EXERCISE REQUIREMENTS:
Exclude the images, then return every line below exactly as written.

STORED DATA:
*** Begin section ***

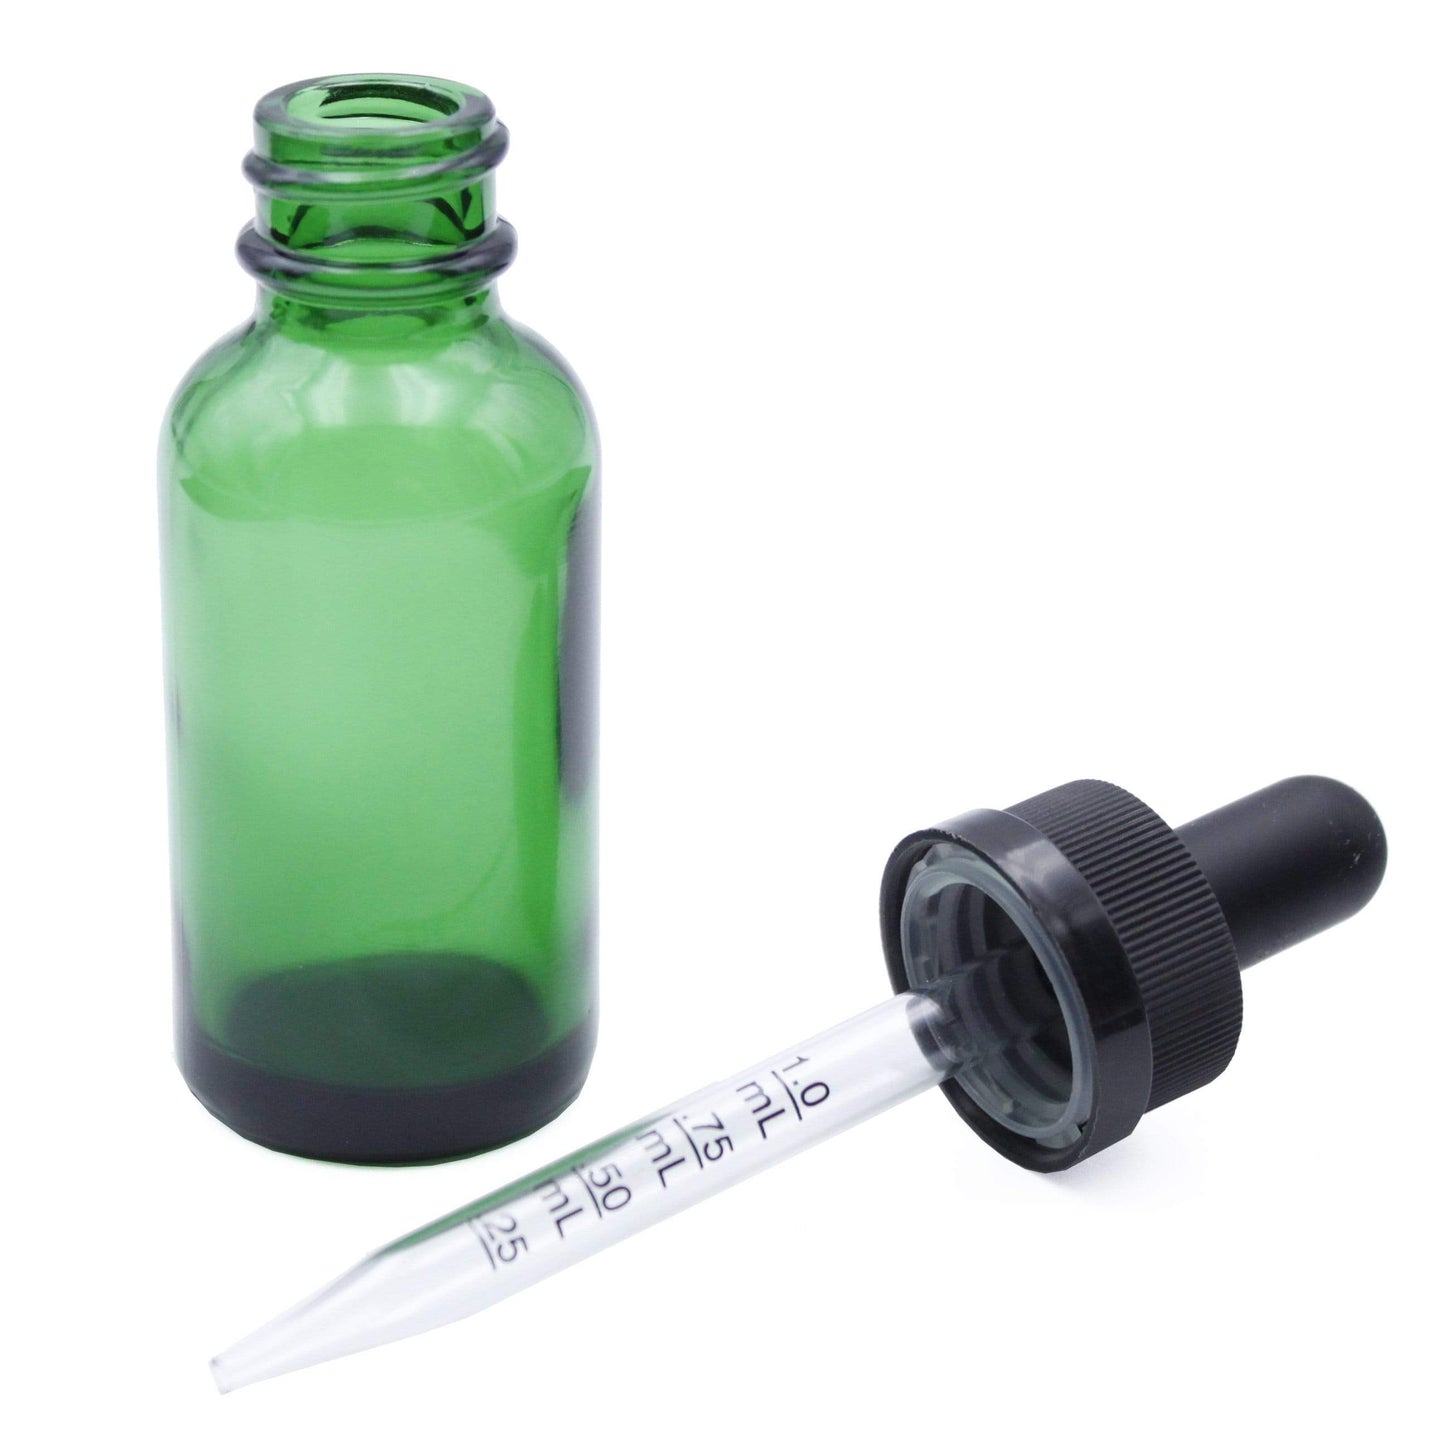 Green Child-Resistant Glass Dropper Bottle w/ 1.0ml Graduated Dropper - 1 oz
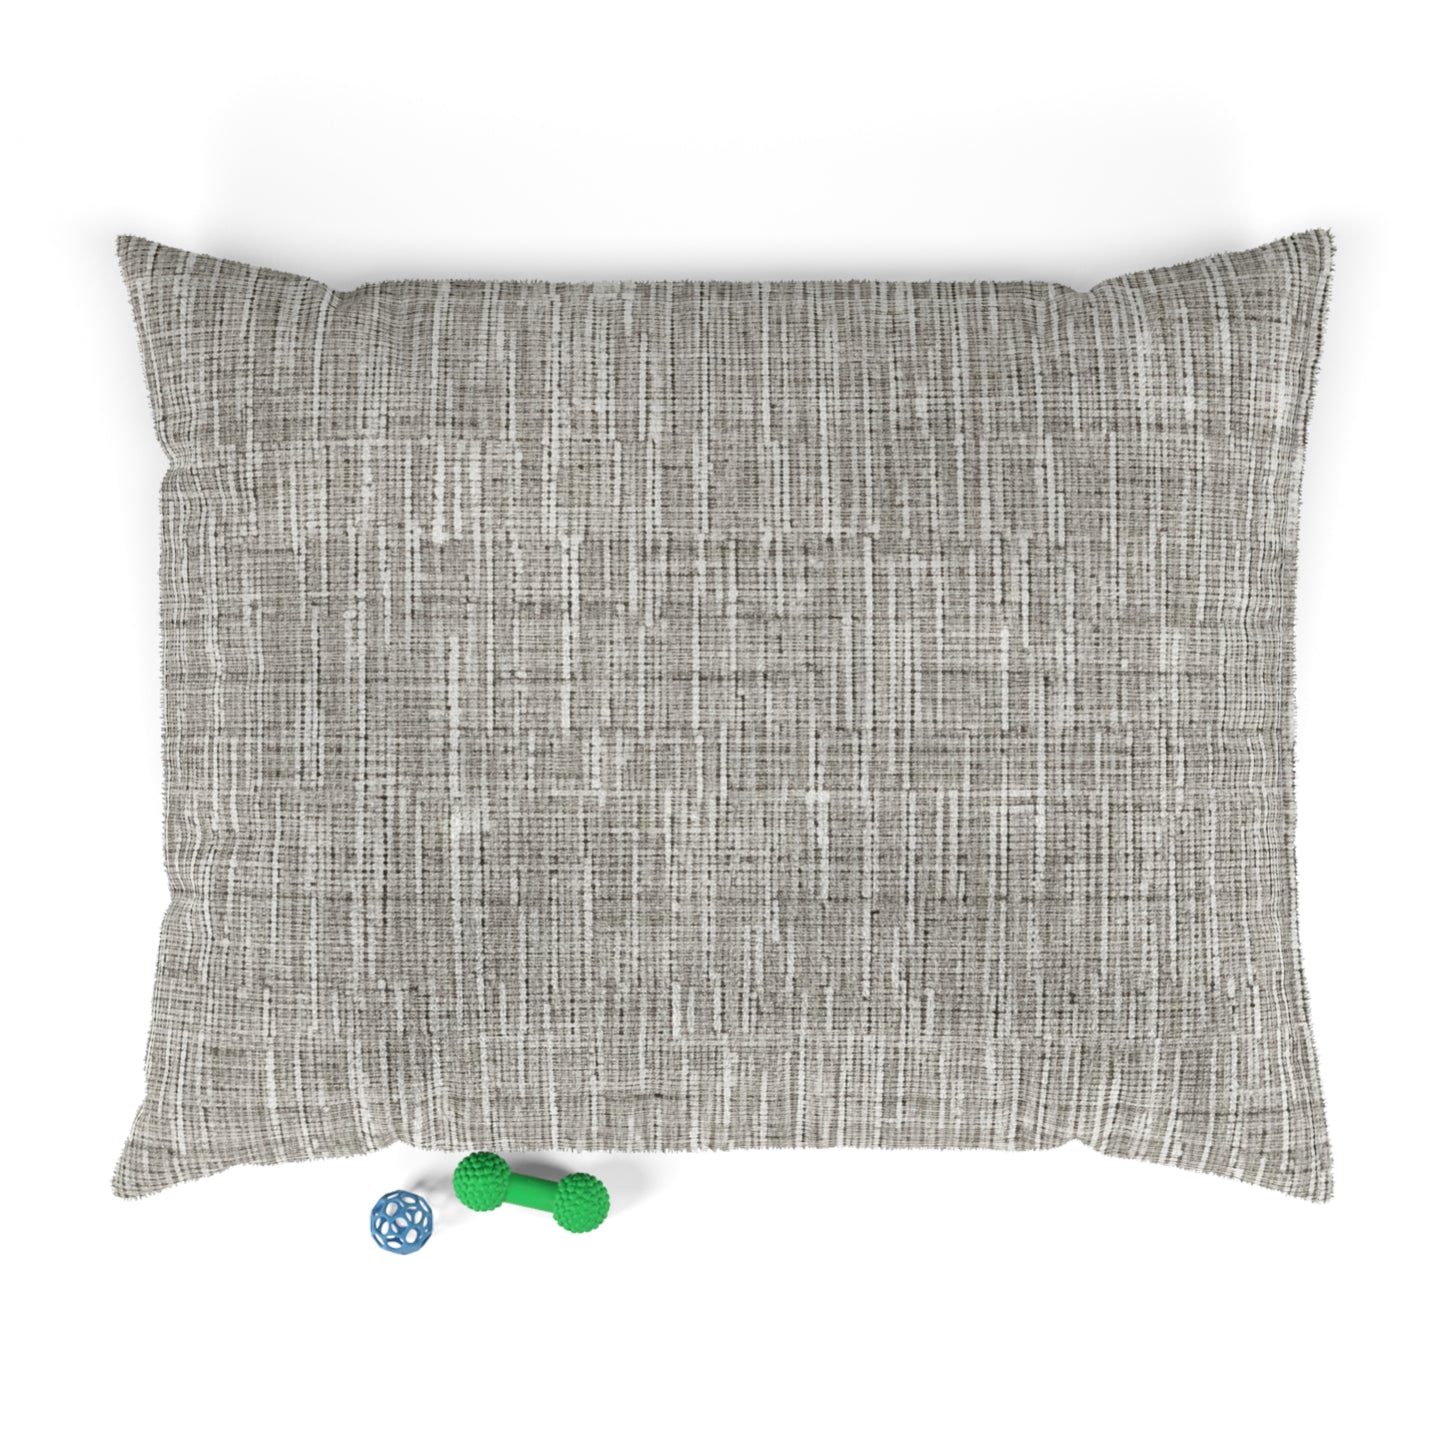 Silver Grey: Denim-Inspired, Contemporary Fabric Design - Dog & Pet Bed
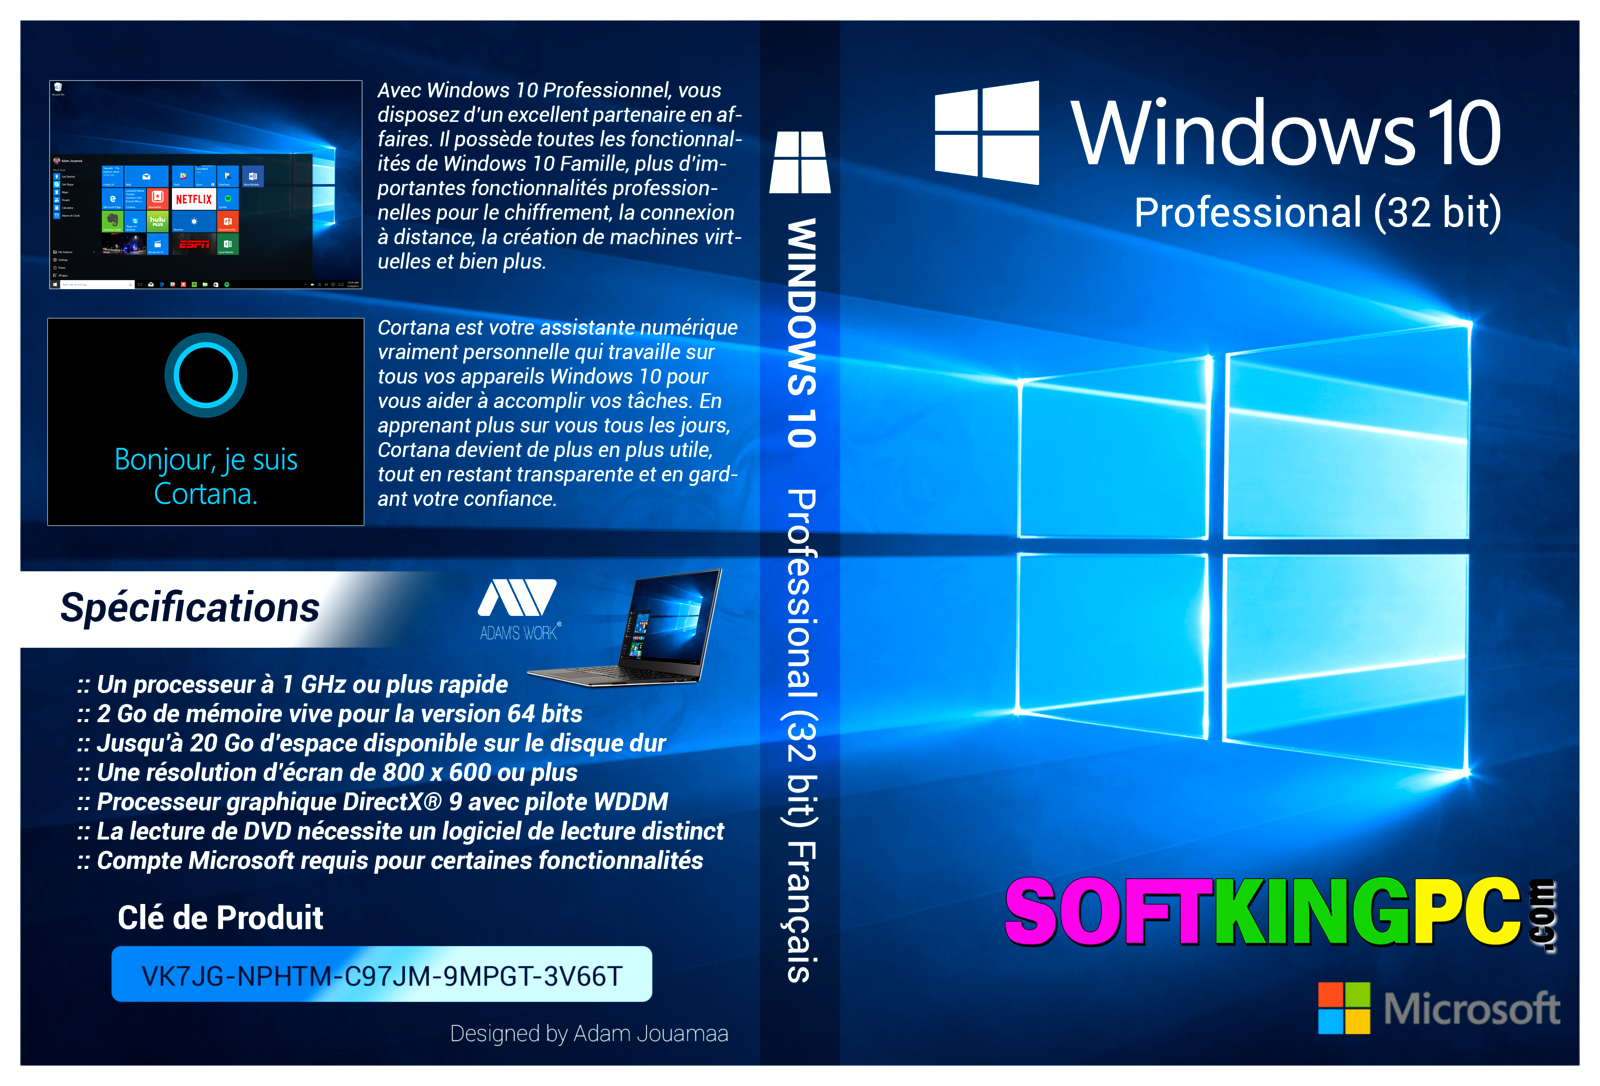 download windows 10 pro 32 bit iso full version

*** End section ***

EXPECTED ANSWER:
 Green Child-Resistant Glass Dropper Bottle w/ 1.0ml Graduated Dropper - 1 oz
 Silver Grey: Denim-Inspired, Contemporary Fabric Design - Dog & Pet Bed
 download windows 10 pro 32 bit iso full version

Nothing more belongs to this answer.